Bug 14342

Summary: [PATCH] Speed ups for regex!
Product: Base System Reporter: howardjp <howardjp>
Component: binAssignee: dcs <dcs>
Status: Closed FIXED    
Severity: Affects Only Me    
Priority: Normal    
Version: 4.0-CURRENT   
Hardware: Any   
OS: Any   
Attachments:
Description Flags
file.diff none

Description howardjp 1999-10-15 05:50:00 UTC
Regex is horribly, horribly slow.  

There is code in lib/libc/regex/engine.c to handle searching for
a known constant string which has to be present in any matches. 
This is meant to cut down the number of strings regexec() actually
has to search.  However, it uses a simple search to find it and 
it takes forever.

I replaced it with a Boyer-Moore search.  I stole the code from
4.4BSD's egrep.  I have trimed it down as much as I can and it 
roughly halves the speed of calls to regexec on mis-matches.

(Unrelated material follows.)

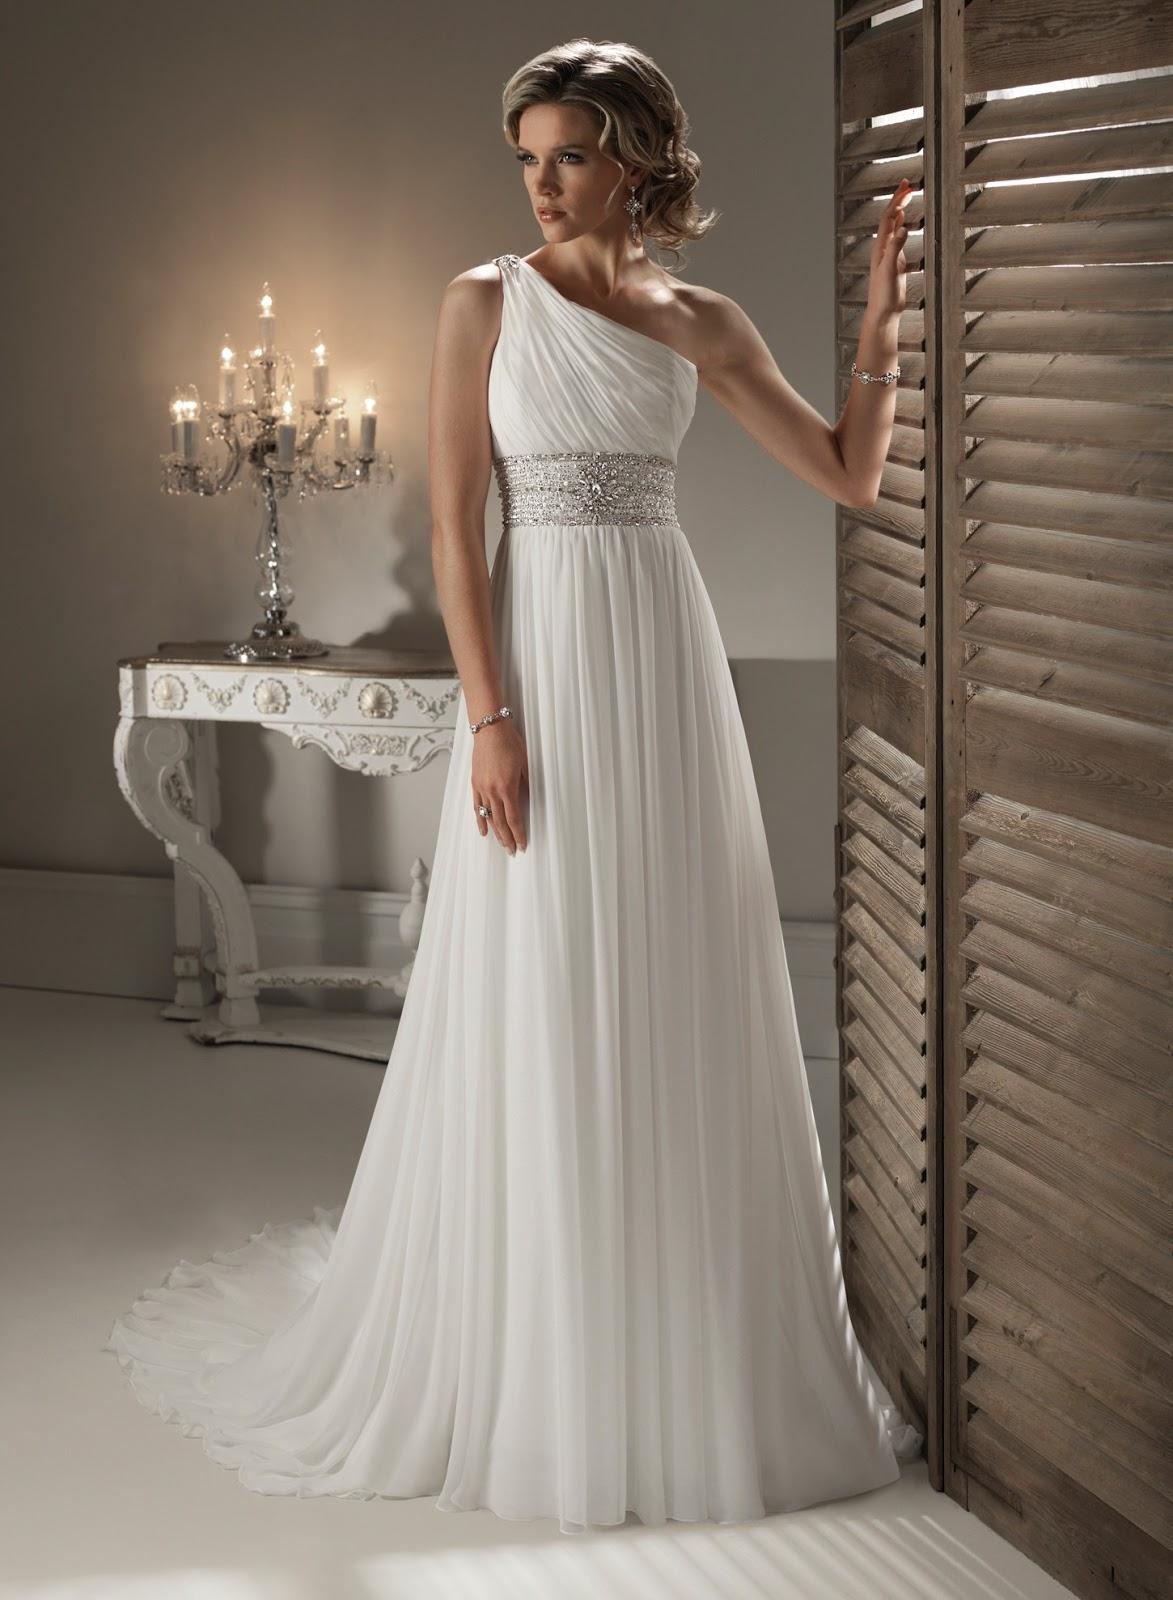 Pictures Of Wedding Dresses For Older Brides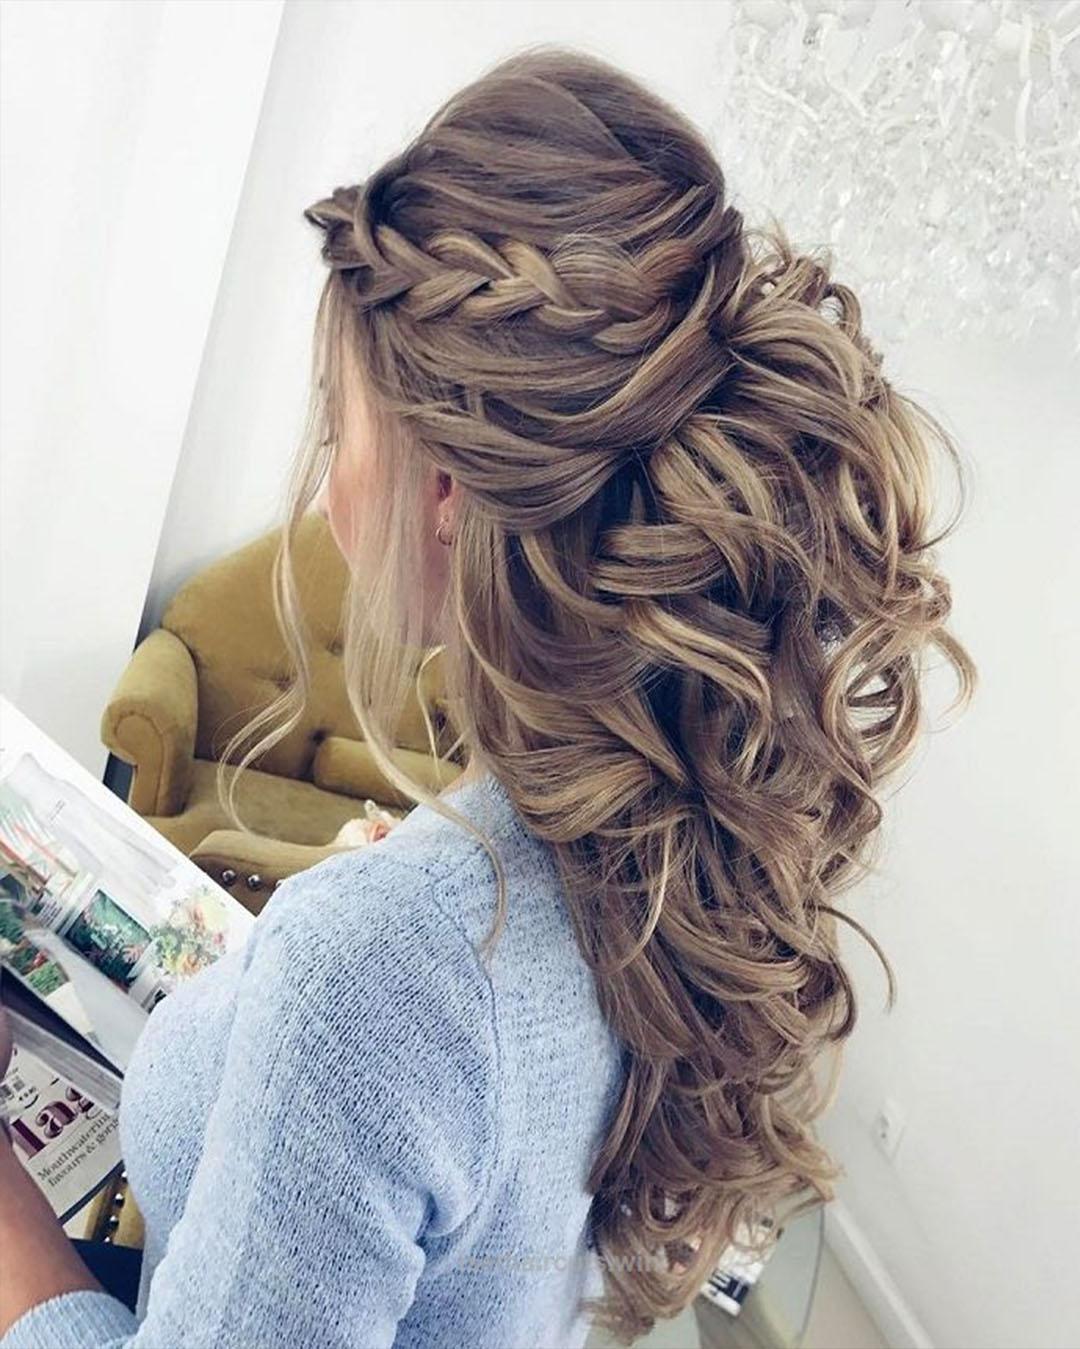 Сharming peinados para fiestas Fotos de consejos de color de pelo - Peinados para fiesta de GALA mujeres - ElSexoso

Apply the patch below to lib/libc/regex to get add the new code.

How-To-Repeat: 
N/A
Comment 1 cpiazza freebsd_committer freebsd_triage 2000-06-05 01:00:22 UTC
Responsible Changed
From-To: freebsd-bugs->dcs

dcs is working on this
Comment 2 dcs 2000-06-05 01:27:49 UTC
I can see a number of bugs with the patch. Cmap isn't properly
initialized, there is a reference to a "string" not mentioned elsewhere,
there is a reference to altlen[N], altpat[N] but only altlen[0] and
altpat[0] are actually used. The code compares must to cmap at regexec()
time, when they are both defined at regcomp() and not changed after
that! In other words... you trimmed too much. :-)

On the more problematic side, this imposes a limit on the size of both
text and pattern, something which the present code has not.

Finally, this is not, strictly speaking, the Boyer-Moore algorithm. It
only checks the last character of the must pattern, and, obviously
doesn't even have a provision for match jumps. And it must be pointed
out that the Boyer-Moore algorithm is much worse than the
straight-forward algorithm for patterns <= 3 characters in length.

-- 
Daniel C. Sobral			(8-DCS)

dcs@newsguy.com
dcs@freebsd.org
capo@yet.another.bsdconspiracy.org

	Hmmm - I have to go check this. My reality assumptions are shattered.
Comment 3 dcs freebsd_committer freebsd_triage 2000-06-29 05:42:24 UTC
State Changed
From-To: open->closed

A Boyer-Moore algorithm was added. Thanks.